Expanded credit fuels potential for interest rate relaxation
Vietnam's Interest Rates Outlook: Stable with Slight Reductions Ahead
In a move that could potentially ease exchange rate pressure and lower mortgage rates in Vietnam, the Federal Reserve is expected to lower rates in September and December. This announcement comes as several other factors converge to shape Vietnam's interest rate landscape.
According to MBS Securities, input interest rates could fall slightly, reaching around 4.7 per cent by the end of the year. This prediction is based on the convergence of stable input costs, easing exchange rate pressures, a broad consensus across the banking system, and decisive policy guidance from both the government and the State Bank of Vietnam (SBV).
The SBV has instructed banks to adopt synchronised measures to stabilise and reduce deposit rates. As a result, deposit rates are expected to hover around current levels through the end of 2025, with slight declines possible due to flexible policy management. The average deposit rate in Vietnam has been steady at around 4.8 per cent as of August 31, 2025.
State-owned lenders offer lower deposit rates compared to private banks, with ranges for various terms specified. However, Vietnam's deposit market is showing renewed activity as private banks lift interest rates to attract funds, driven by robust credit growth and increasing pressure to balance funding.
The average lending rate in Vietnam has dropped to 6.38 per cent as of August 31, 2025. The SBV has directed credit institutions to reduce lending rates and channel credit into priority sectors such as science and technology, innovation, digital economy, green, and circular economies.

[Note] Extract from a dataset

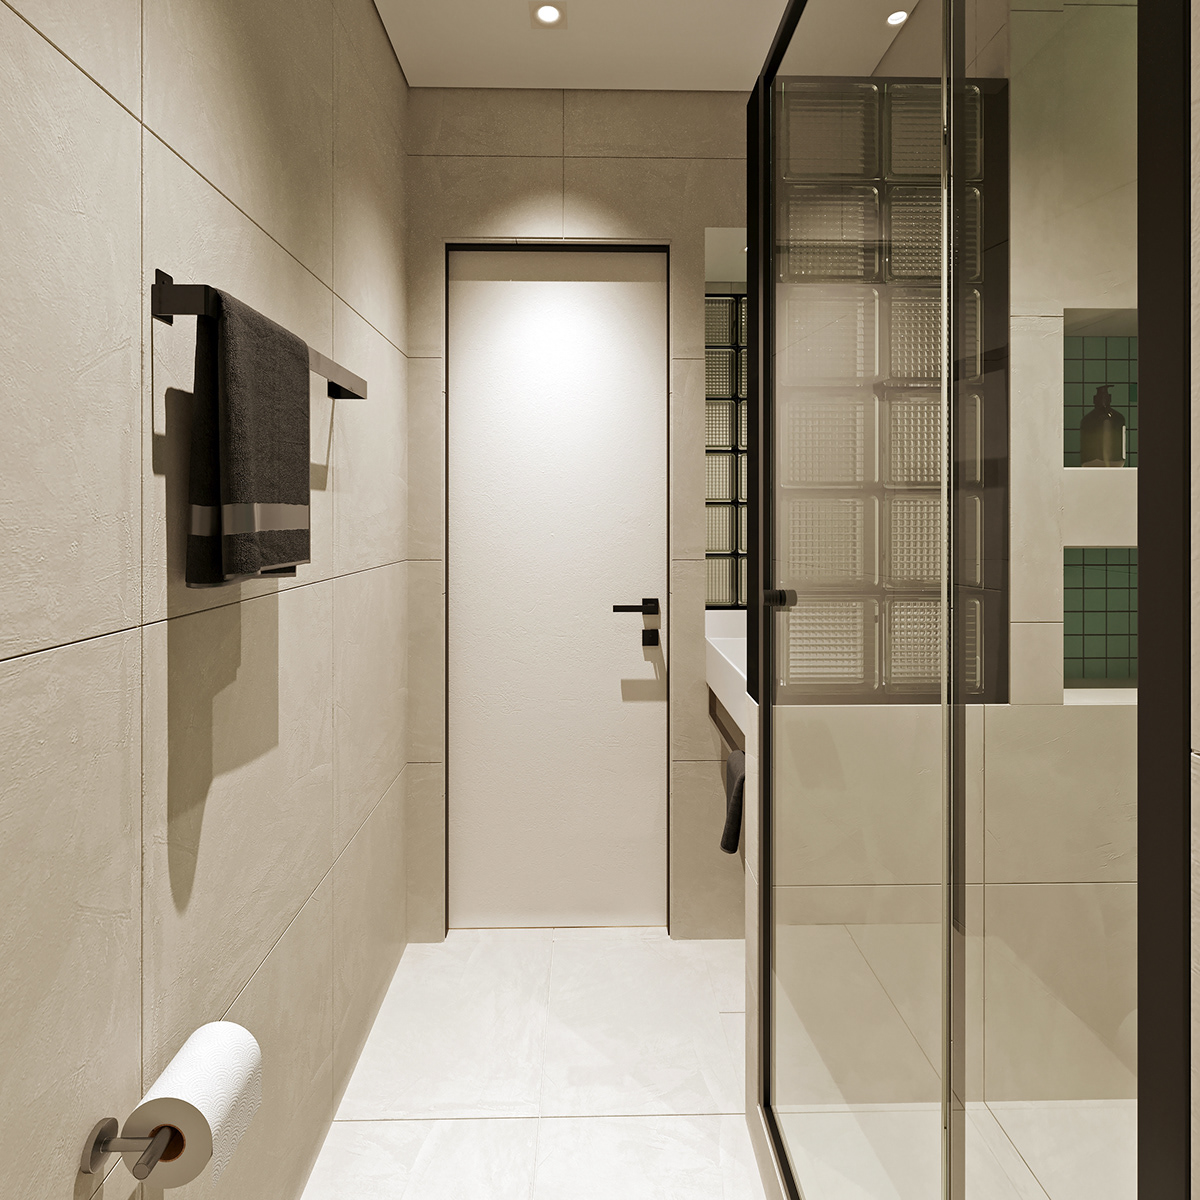 Simple stainless steel horizontal bar hooks in the bathroom help to create convenience and tidiness.

Rapid money supply growth in Vietnam could potentially spur medium- to long-term inflation. To proactively manage this risk, the Prime Minister has issued Directive No.159/CĐ-TTg, instructing the SBV to manage monetary policy flexibly.

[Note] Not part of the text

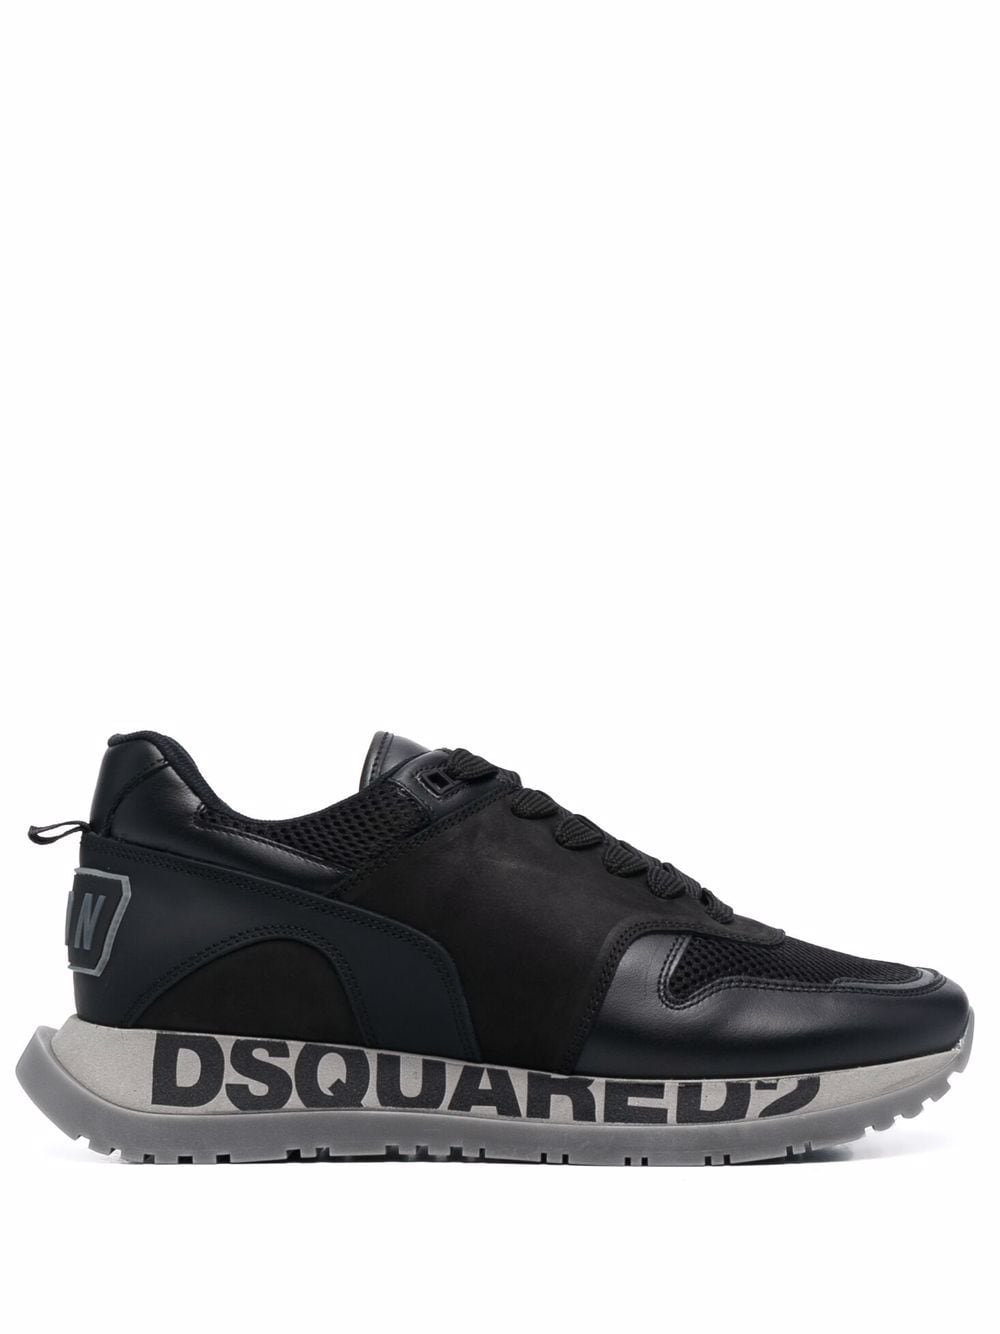 Stare Make dinner Climatic mountains Sneakers Dsquared2 | NoFakesAllowed

Analysts believe that the SBV's new regulatory tools, combined with expectations of a Fed rate cut in September, will ease pressure on the interbank market. Market analysts predict that lower borrowing costs could stimulate lending and investment activity in Vietnam. The United Overseas Bank Limited projects that the SBV could reduce policy rates by about 0.5 percentage points if the Fed cuts USD rates in September and the downtrend becomes more apparent by year-end.
Credit risks loom as banks battle rate-cut pressures. The SBV has ordered all credit institutions to adopt measures to stabilise and reduce deposit rates. Nguyen Quoc Hung, vice chairman of Vietnam Banks Association, encourages member banks to maintain stable deposit rates and lower lending rates.
As of the end of August 2025, outstanding credit in Vietnam reached $685.6 billion, up 11.08 per cent from the end of 2024. For the whole of 2025, credit growth could reach 20.19 per cent, the highest in many years.
Looking ahead to the end of 2025, the interest rate outlook appears stable, with a high likelihood of slight reductions if the Fed adopts a looser policy stance and exchange rate pressures remain under control. These factors provide a solid foundation for expectations that both deposit and lending rates will remain low.
However, it's important to note that as of now, there are no search results providing information about which banks in Vietnam offered the lowest savings interest rates in 2025. As the situation evolves, it's advisable to keep a close eye on updates from the SBV and the banking sector for the most accurate and up-to-date information.